Report by John Bettridge
Hampshire Hoggets u16 (223 for eight in 40 overs) lost to Junior Martlets (224 for six in 38.1 overs; H Moorat 53) by four wickets
If pride comes before a fall then so be it, but I felt great pride in the performance of the Junior Martlets to win this game. Ash Kumar, captain for the day, won the toss and inserted the Hoggets. The opening bowlers, Rafe Liebers and James Brahaut bowled steadily, beating the bat on a number of occasions but without much luck. Brahaut did demolish the castle of one of the openers after which the runs began to flow.
After 20 overs the score stood at 113 for one but it was not until then that spin entered the equation. The double leg-break attack of Will Collard and Toby Shepperson turned the complexion of the game. Their guile and skill was a pleasure to watch. They immediately cut the scoring rate and induced many false shots. Collard made the initial breakthrough. Shepperson then bowled their top scorer before performing what seems to be becoming a habit of taking two wickets in one over. Krishan Nayee introduced some off-spin into the game. A late-innings flurry of runs helped, perhaps, by some “elderly” Martlets fielding took the score to 223.
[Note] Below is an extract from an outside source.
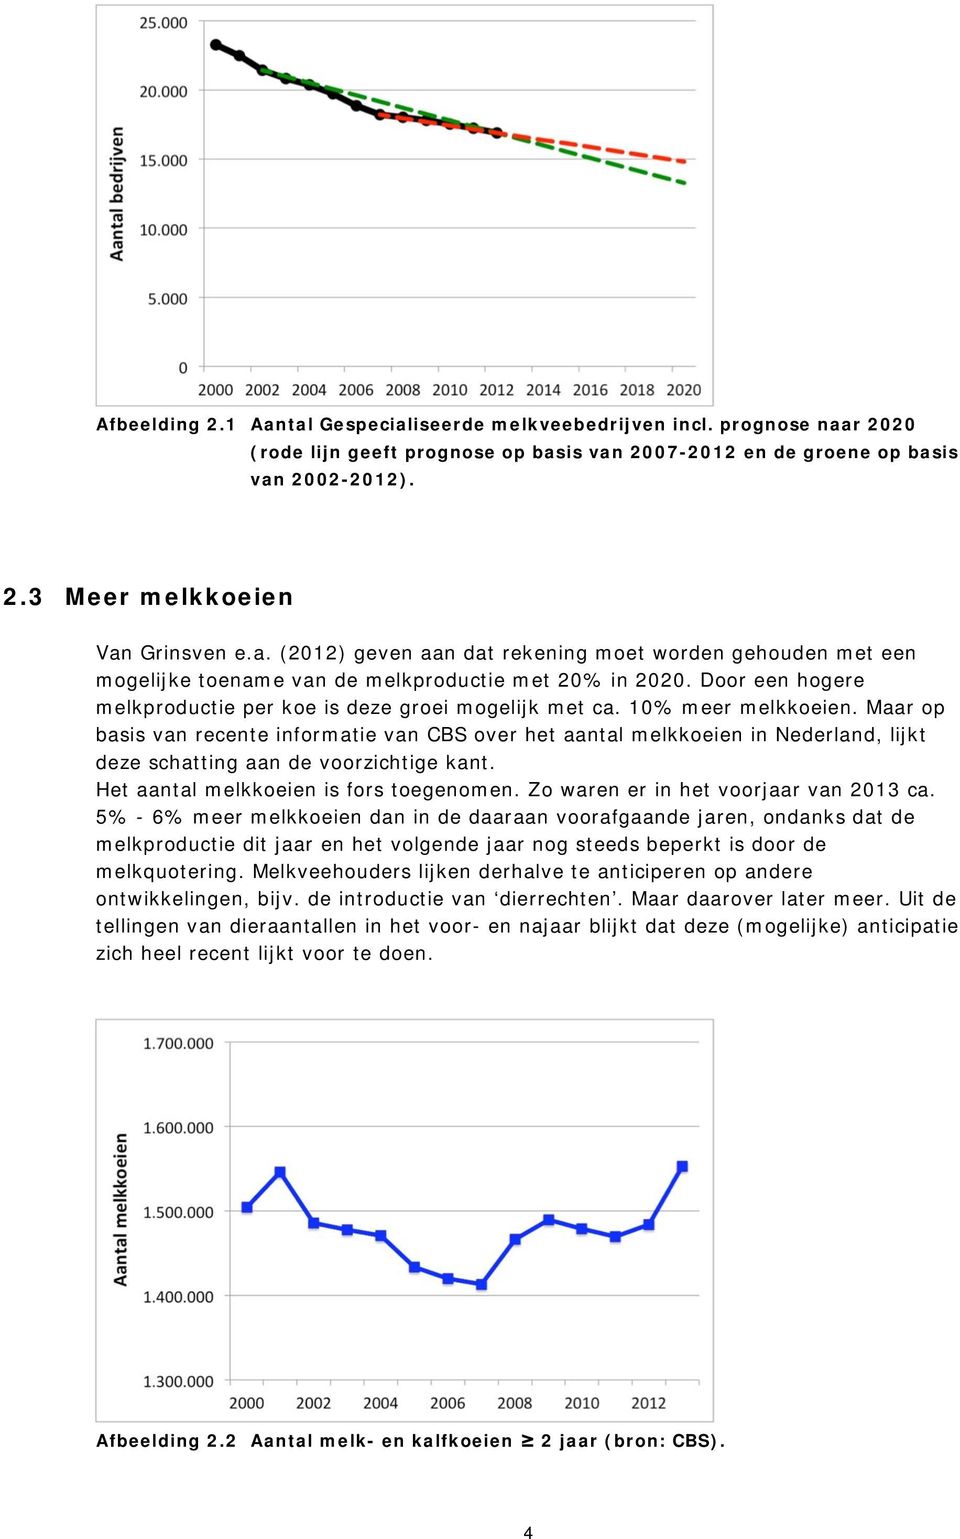 10% meer melkkoeien. Maar op basis van recente informatie van CBS over het aantal melkkoeien in Nederland, lijkt deze schatting aan de voorzichtige kant. Het aantal melkkoeien is fors toegenomen.

I felt this was quite a mountain to climb for a young under-16 side, most of them being under-14s or under-15s. What impressed from the outset was that they clearly didn’t share my concerns and batted with confidence and maturity and this despite losing Kumar in the second over with the score on two.
Mason Robinson and Harry Moorat proceeded to build a firm foundation, playing with increasing freedom and real style. They put on 99 together before Robinson mistimed one to be caught for 41. Moorat skied one to be taken by the ever-safe Hogget hands after making 53 with the score on 119. Josh Gander then showed huge patience to act as the sheet anchor for the remainder of the innings. Collard looked to score well until he was trapped leg-before. Brahaut was the hero of what followed hitting seven boundaries in his 42 to bring us up to the required rate.
One hit too far brought Shepperson to the wicket for the final scene. Both he and quiet man Gander at the other end unleashed some fine boundary shots to take us to victory with almost two overs to spare. Perhaps I might be excused for my sin of pride!